Zalig zijn de onwetenden.
-
“Holy shit, het werkt, holy shit. Holy shit. ''
Uit reflex grijp ik naar mijn telefoon. Maar ja. Twitter? Geen optie, want embargo. Vrienden? Geen optie, want embargo. Bovendien: het is halfdrie ‘s nachts. Wie is er nog wakker om halfdrie 's nachts? Ik zelden. Normaal lig ik er om tien uur in, maar deze game ontgrendelde de nachtbraker in mij.
Ik ging, zogezegd, goblin mode. Ik heb Tears of the Kingdom in tien dagen tijd ongeveer honderd uur gespeeld.
Eén optie was er in die periode altijd. Collega Bas appen. Dat is héél vaak gebeurd tijdens het spelen van deze game. Hij speelde ‘m namelijk ook, voor het NRC. We hebben de beste Zelda-gesprekken gehad. Maar ja, 's nachts je collega's appen over hoe geniaal je bent heeft ook weer wat gênants natuurlijk.
In de eerste screenshot de berichten die ik eerst stuurde naar Bas, direct nadat de code in de mail viel. De volgende ochtend kreeg Bas het andere bericht.
Zalig zijn de onwetenden.
Problematisch
En zo was ik iedere nacht min of meer verplicht om mijn genialiteit voor me te houden. Alleen dat deed ik niet. Normaal zit ik stilletjes te gamen met een notitieblokje op de bank, maar tijdens het spelen van Tears of the Kingdom heb ik hele conversaties gevoerd...

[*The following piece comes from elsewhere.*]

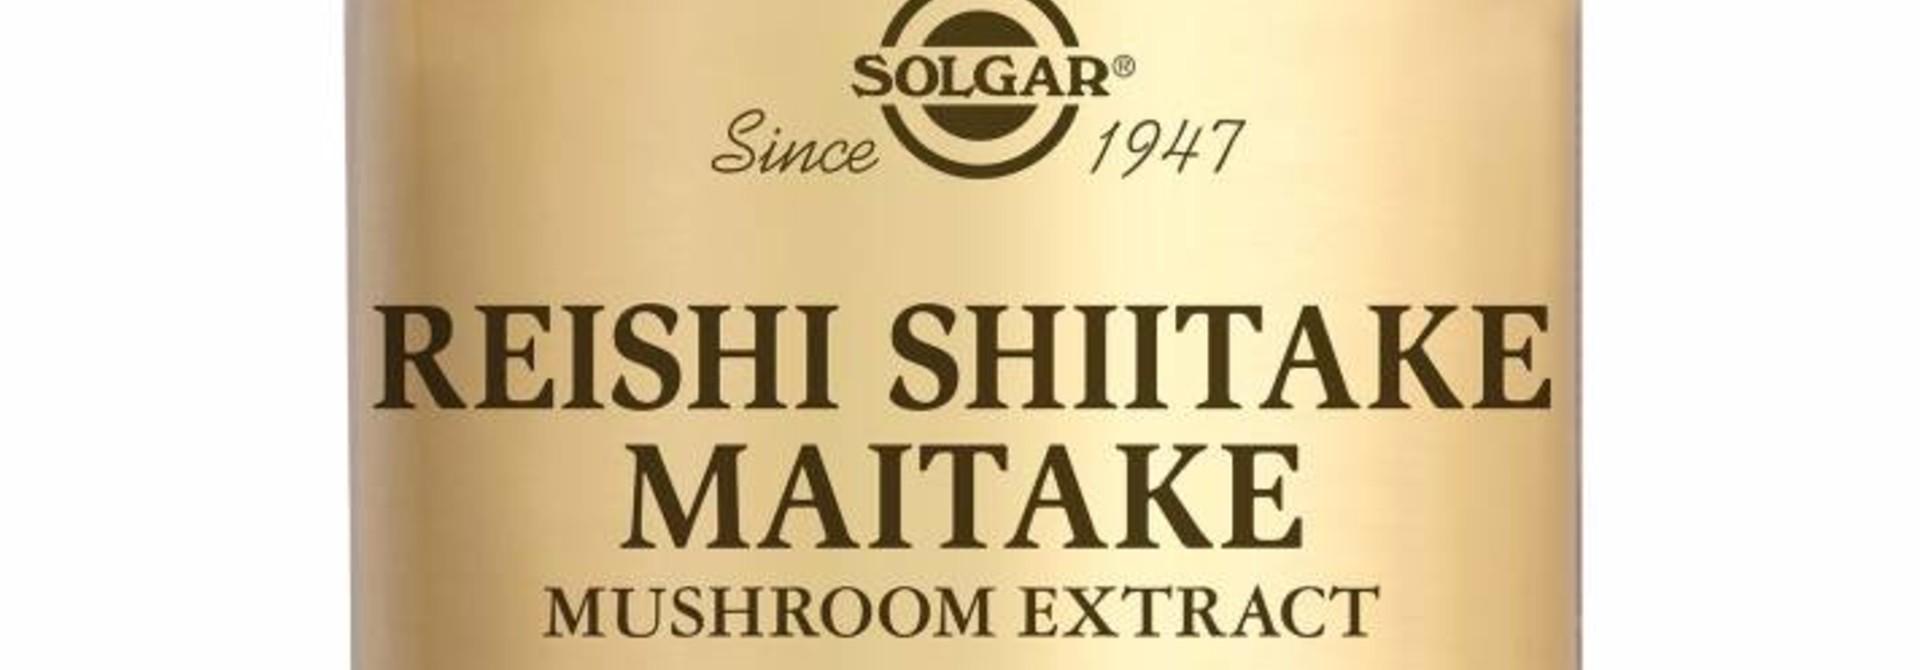 Reishi Shiitake Maitake Mushroom Extract 50 plantaardige capsules

...met mijn katten, Tekken 3 en Tenchu: Stealth Assassins. Ze zaten trouw naast mij op de bank, en ze hebben twee weken lang verhalen lief en leed moeten aanhoren. Ik deed het niet eens bewust natuurlijk. Ik had het niet per se tegen hen. Maar ik moest het gewoon kwijt.
Zo hebben ze ook ieder halfuur “wat een game” aan moeten horen. Misschien wel vaker.
©GMRimport
©GMRimport
Maar het moment waarop ik dacht, oké, nu wordt het problematisch, was een moment richting het einde. Dat was het moment dat ik mijn moeder wakker wilde bellen om het over de nieuwe Zelda te hebben. Mijn moeder. De beste persoon op aarde, echt. Maar ze wees onlangs naar mijn Series X en ze dacht dat het een speaker was.
Dus nee, dat was geen optie. Het was eigenlijk allemaal geen optie. Ik heb de afgelopen twee weken vooral dingen niet gezegd. Nou ja, behalve tegen Tekken en Tenchu dan. En Bas. Maar het zegt veel over Tears of the Kingdom dat ik a) volledig afscheid nam van mijn ritme en sociale verplichtingen en b) uit wilde schreeuwen hoe briljant ik was.
Dat heb ik in vijftien jaar tijden eigenlijk nooit eerder bij een recensie gehad. Ik denk dat ik Nintendo geen groter compliment geven kan.